Given any \( \lambda \), this test maintains its power because it specifically targets the exponential growth factor \( \theta^i \) included in the likelihood function's exponent. The reliance on individual \( y_i \), which is within a Poisson relationship contingent on \( \lambda \) and \( \theta^i \), ensures the test's optimality.

Key concepts

Poisson Distribution

The Poisson distribution is a probabilistic model used to describe the occurrence of rare events. If an event occurs with a constant mean rate in a fixed interval, the number of events in that interval follows a Poisson distribution.
This model is especially useful when analyzing the number of new cases in epidemiological studies, like the rare disease example given. In our context, if we have observed new cases in successive years as data points\( y_1, y_2, \ldots, y_n \), these can be independently modeled as Poisson distributions with respective means \( \lambda \theta, \lambda \theta^2, \ldots, \lambda \theta^n \).
This implies that each year, the number of new cases increases exponentially with \( \theta \), representing a potential growth factor.Using the formula for the Poisson probability:

• \( P(Y_i = y_i) = \frac{e^{-\lambda_i} \lambda_i^{y_i}}{y_i!} \)
• where \( \lambda_i = \lambda \theta^i \).
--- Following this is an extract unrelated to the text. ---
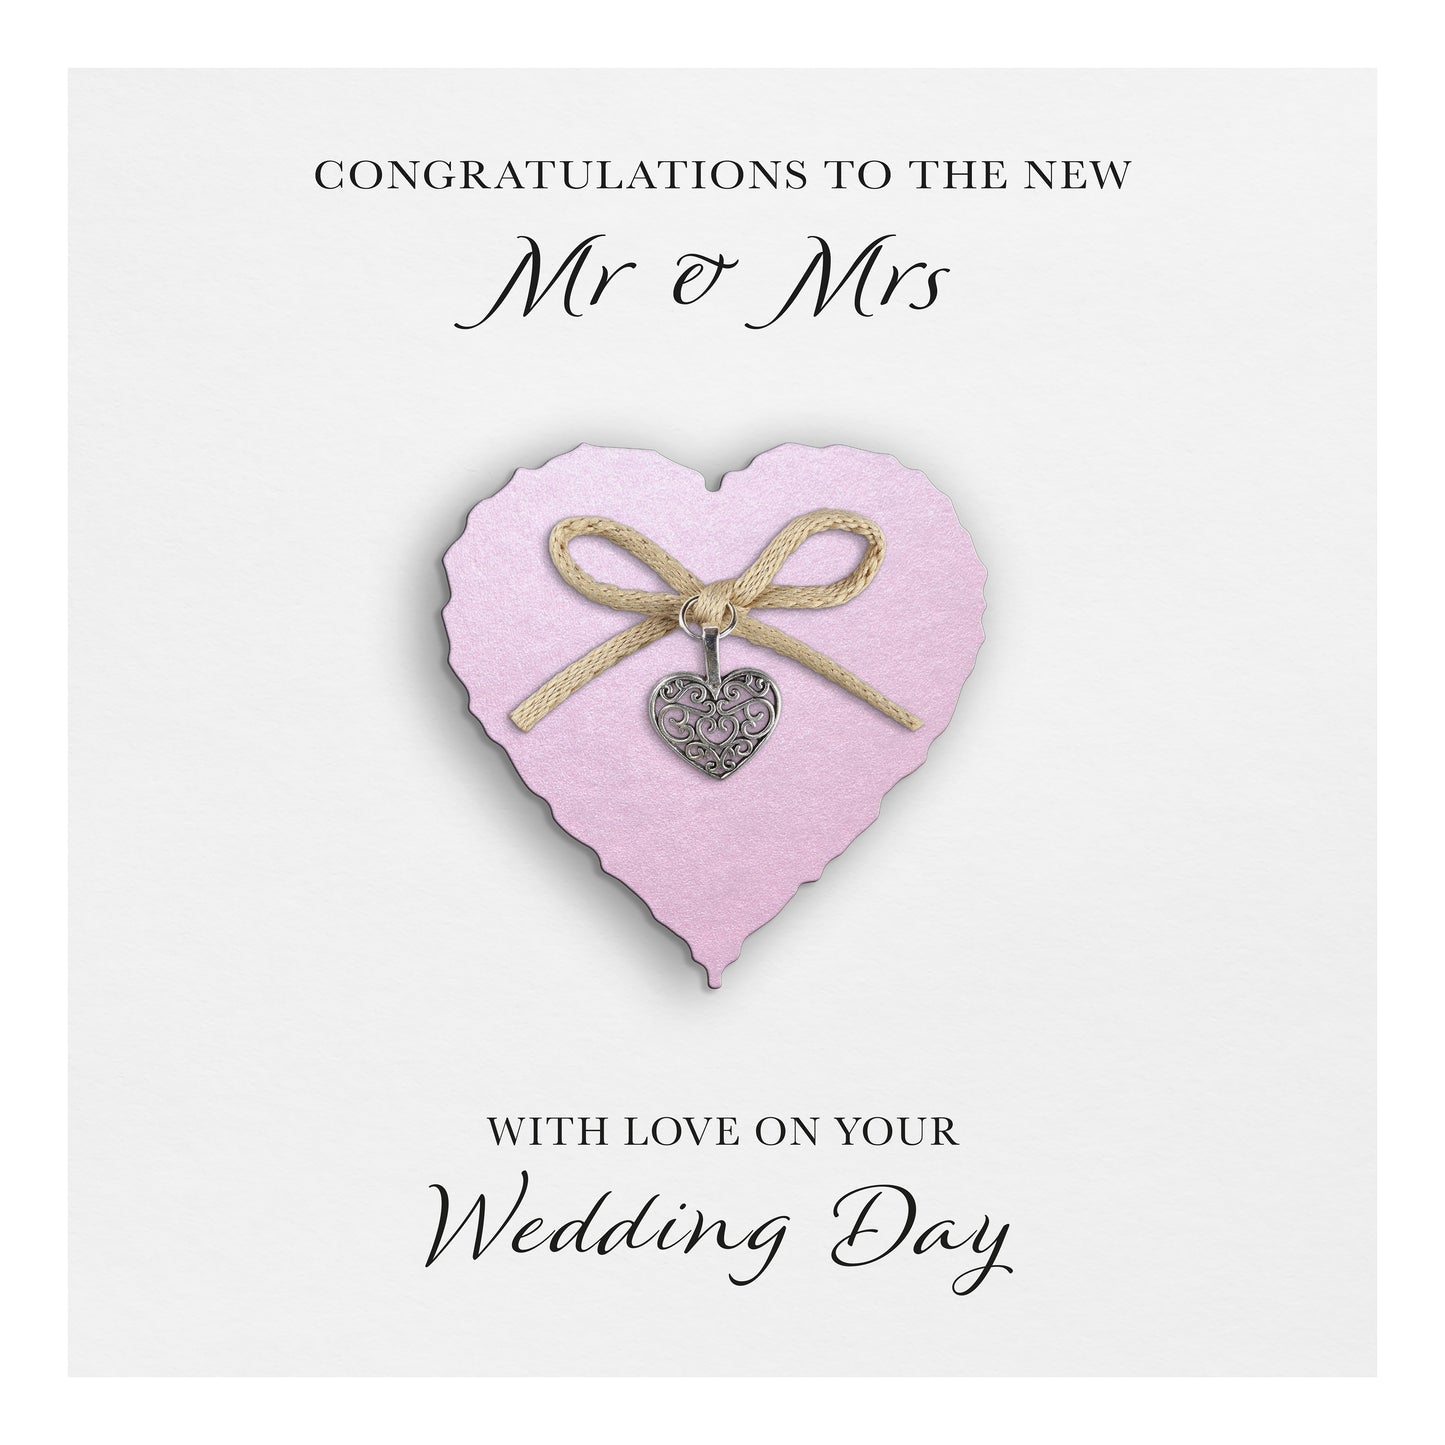 Wedding Day Card "Heart Charm & Bow" (White Cardstock)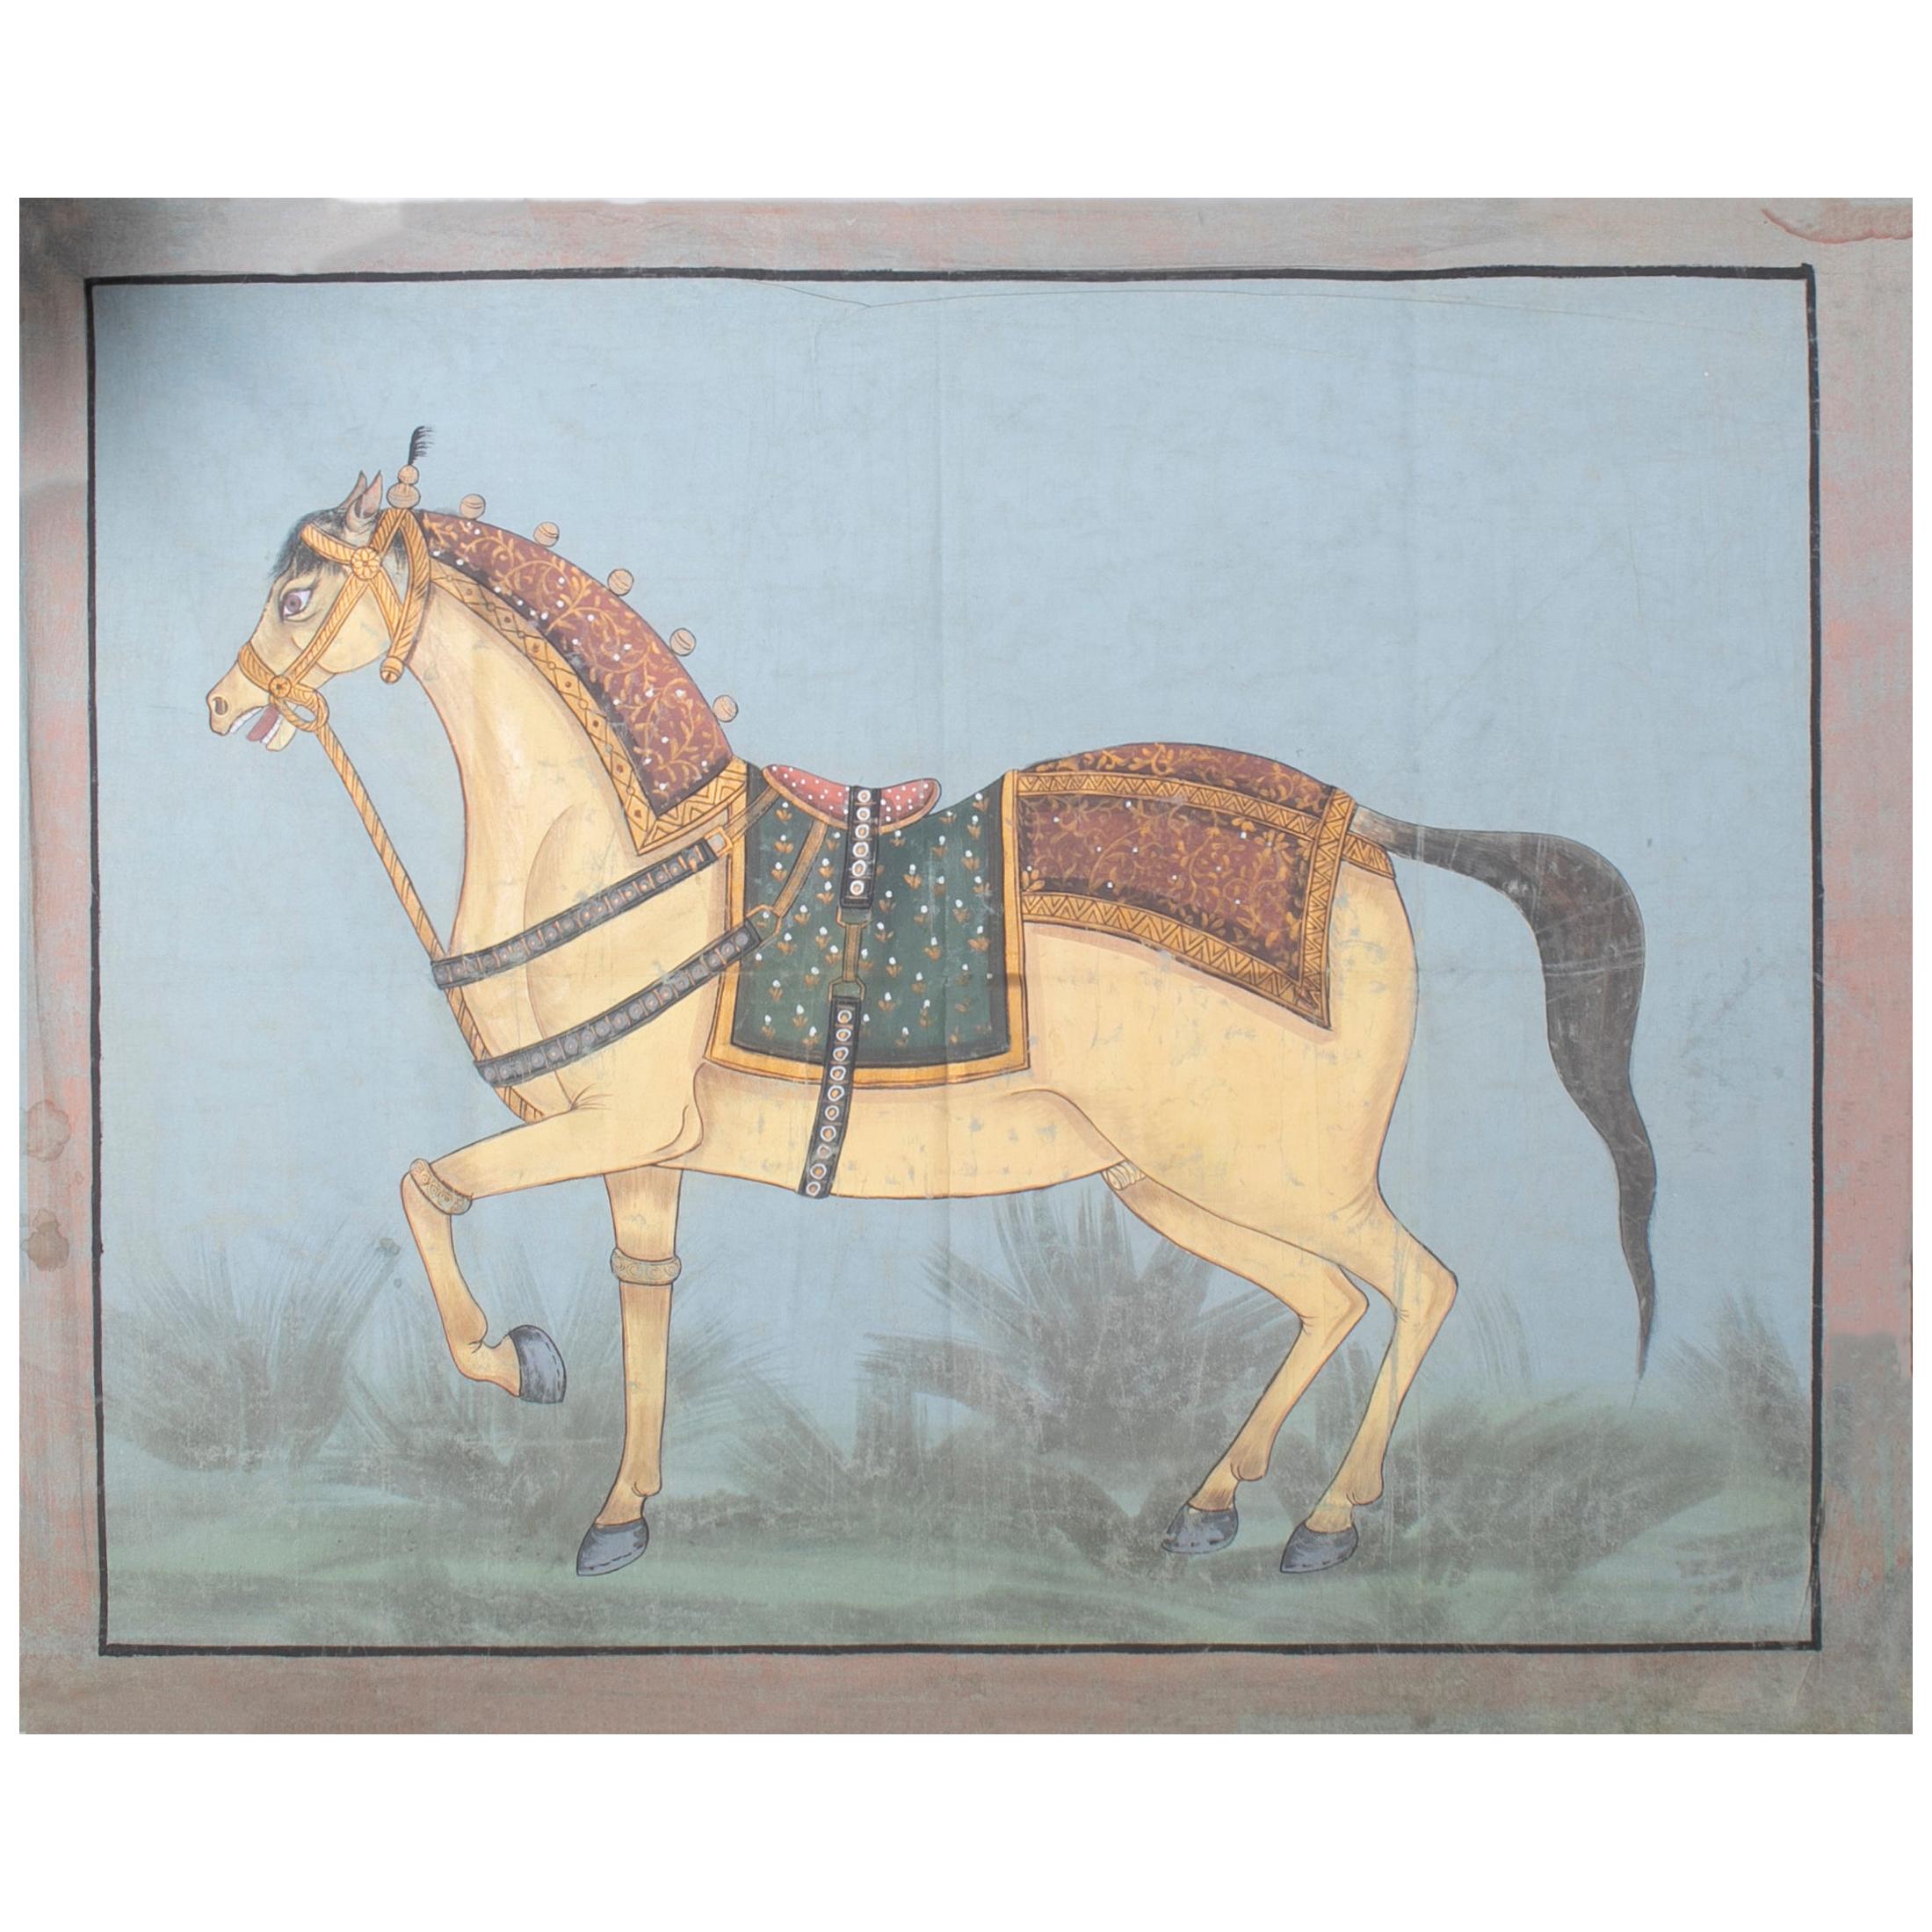 1970s Indian Painting "Walking Horse" Oil on Canvas, Jaime Parlade Design

By understanding how the data is distributed, one can better assess the potential trends and shifts in the disease's occurrence and then decide on the parameters to test.

Uniformly Most Powerful Test

A Uniformly Most Powerful (UMP) test is designed to maximize its power across all possible alternatives of a parameter. In hypothesis testing, the power of a test is its ability to correctly reject a false null hypothesis.In this exercise, we are analyzing if the incidence of disease cases is growing, driven by the parameter \( \theta \). The hypothesis in question is:

• \( H_0: \theta = 1 \)
• versus \( H_a: \theta > 1 \).

The goal here is to determine if \( \theta \) is indeed greater than 1, which would indicate an increase in the disease cases. When establishing a UMP test, one considers all possible values for \( \lambda \) to ensure the test's effectiveness regardless of this parameter.In this context:

• We utilize the observed data \( y_1, \ldots, y_n \)
• To assess each possible \( \lambda \)-dependent test's rejection capability against \( H_0 \).

Therefore, a UMP test effectively focuses on maximizing test power without dependence on unknown parameters.

Likelihood Ratio Test

The Likelihood Ratio Test (LRT) is a statistical technique used to compare the fit of two models and is a building block for establishing significance in hypothesis testing.For the exercise at hand, the aim is to test \( \theta \) being 1 against \( \theta > 1 \). Here, the likelihood ratio \( \Lambda \) is a function comparing the likelihood of the data under the null hypothesis \( H_0 \) to the likelihood under the alternative hypothesis \( H_a \).Define \( \Lambda \) as:

• \( \Lambda = \frac{L(1; y_1, \ldots, y_n)}{L(\hat{\theta}; y_1, \ldots, y_n)} \)
• Where \( L(\cdot) \) denotes the likelihood function

This statistic provides a decision metric such that:

• A smaller \( \Lambda \) suggests the alternative hypothesis is more likely, indicating \( \theta > 1 \).
• The MLE, \( \hat{\theta} \), optimizes the likelihood under \( H_a \).

By comparing this test statistic to a critical threshold, one can choose to reject \( H_0 \) in favor of \( H_a \).
The LRT framework simplifies evaluating whether the observed increase in disease matches expected growth, effectively determining if changes in the disease pattern are statistically significant.